Eu amanhã

Data 08/02/2009 14:27:57 | Tópico: Poemas -> Reflexão



Antônio Antunes Almeida



Vejo-me amanhã com tuas pernas hoje vacilantes, porque os músculos cansados já não respondem ao esforço mobilizado pela vontade.

Vejo-me amanhã com teus braços hoje já sem forças, porque o desgaste natural do tempo já impossibilita à necessária destreza que a idade consome.

Vejo-me amanhã com tuas mãos hoje trêmulas e marcadas, porque à energia debilitada já não flui como antes.

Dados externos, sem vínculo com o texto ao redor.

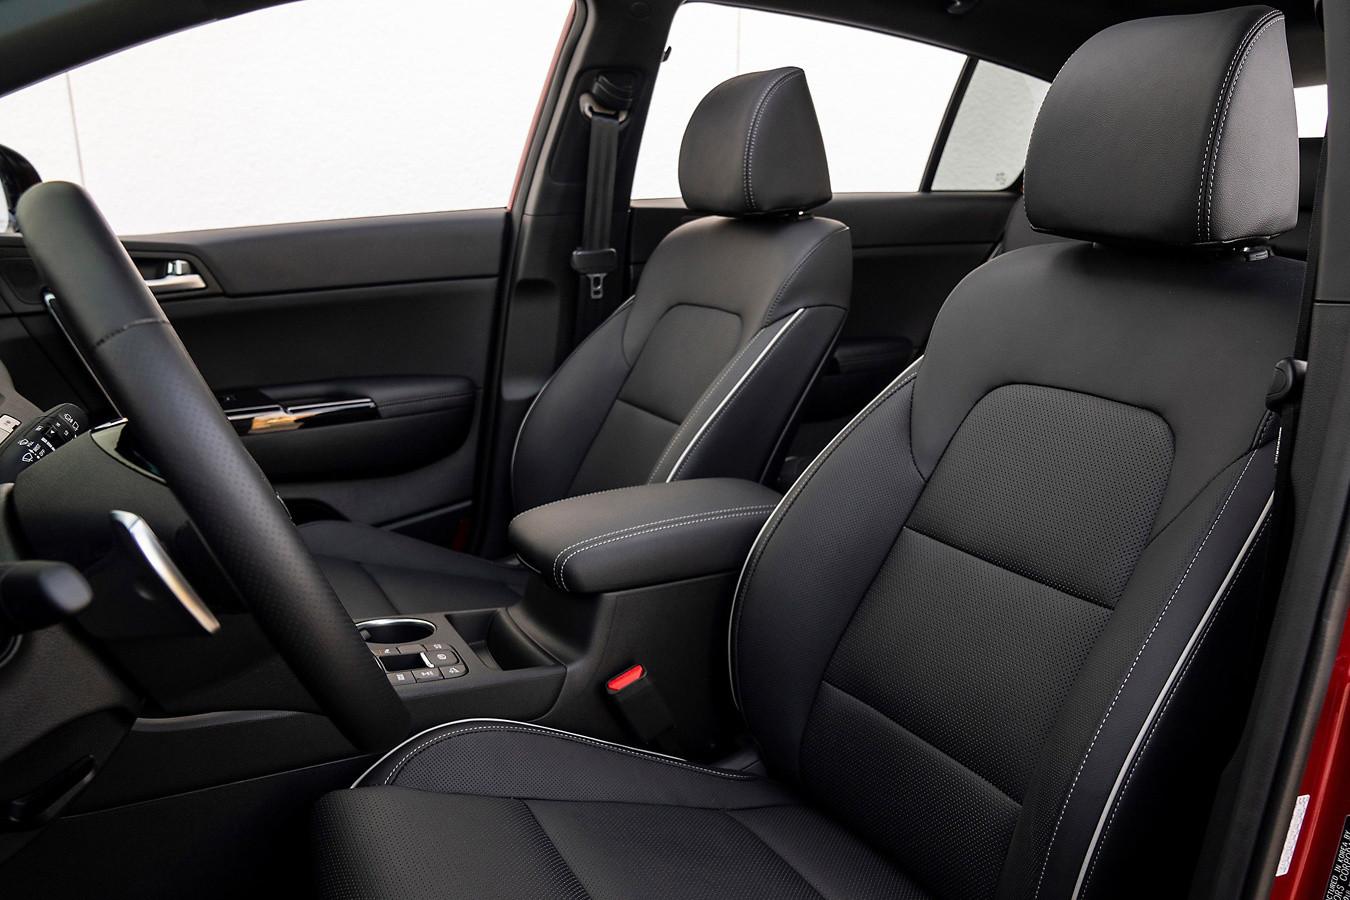 Spacious Seating in the 2020 Kia Sportage
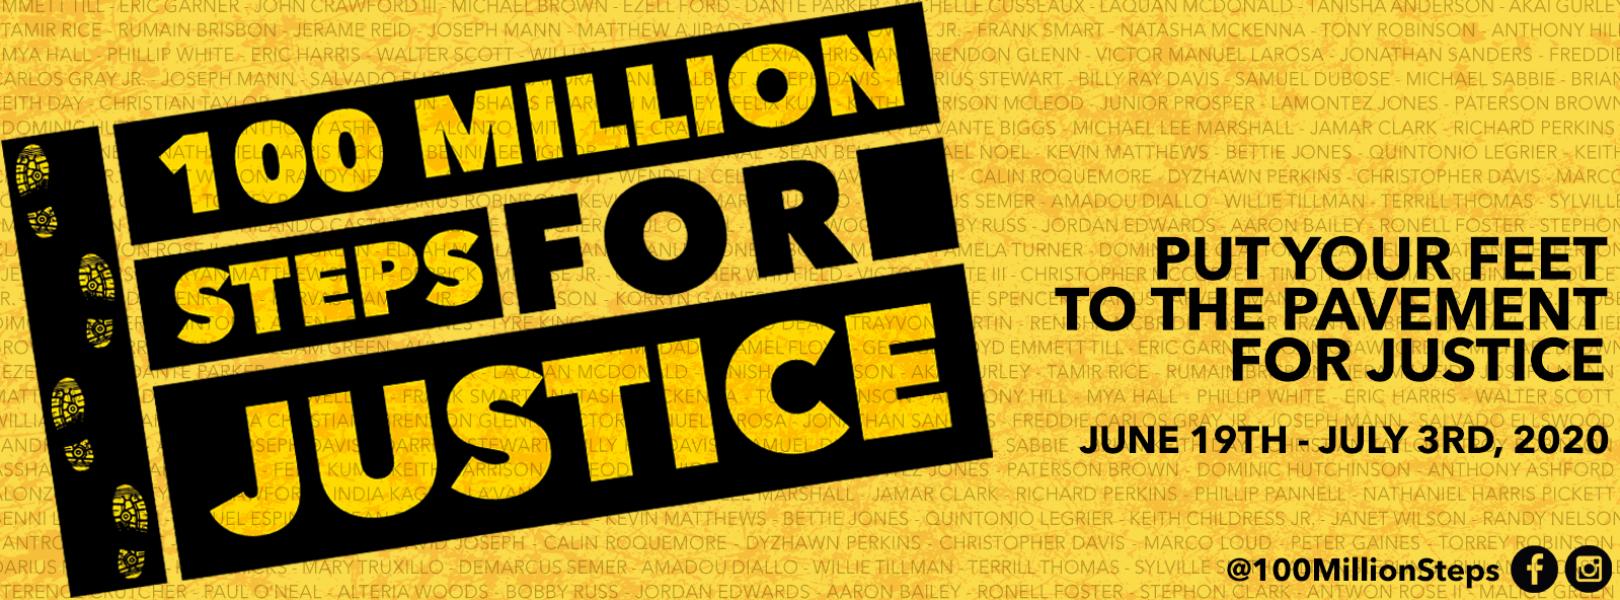 100 Million Steps for Justice

Vejo-me amanhã com teus olhos hoje deficientes e opacos, porque às trilhas nervosas já desgastadas impossibilitam o trafego da luz.

Vejo-me amanhã com teus ouvidos hoje silenciosos, porque às fibras já endurecidas pela saturação do tempo não permitem as vibrações necessárias ao som.

Vejo-me amanhã com tua boca hoje repetitiva ou calada, porque os estímulos nervosos já cansados não correspondem precisamente ao cérebro também fatigado.

Vejo-me amanhã com teu rosto hoje enrugado, porque a pele desnutrida, desidratada, carcomida pelos verões da vida já não tem mais o tônus de antes.

Vejo-me amanhã na tua solidão hoje vivida, porque os assuntos já não correspondem à atualidade e as reminiscências já não interessam mais.

Vejo-me amanhã no teu leito hoje abandonado em algum asilo, porque já não produzo mais e a presença desconforta os familiares porque o assunto é repetitivo.

Vejo-me amanhã no teu catre hoje tristonho de morte, rodeado de hipócritas lágrimas, porque à hora é chegada e a média é necessária.

Vejo-me amanhã na tua campa hoje silenciosa e calma, porque as trombetas soaram e fora feito o convite à vida.

Vejo-me amanhã quando hoje olho para o alto e lá estou eu a brilhar. Iluminando com todo carinho e amor, o caminho daqueles que amei na vida terrena, para que as pedras não firam os teus pés nem os espinhos à pele, daqueles que comigo hoje cruzam calados ou me desprezam sem entender, que o carinho, a bondade e a paciência são a tríplice argamassa na construção da ponte que nos leva a Deus.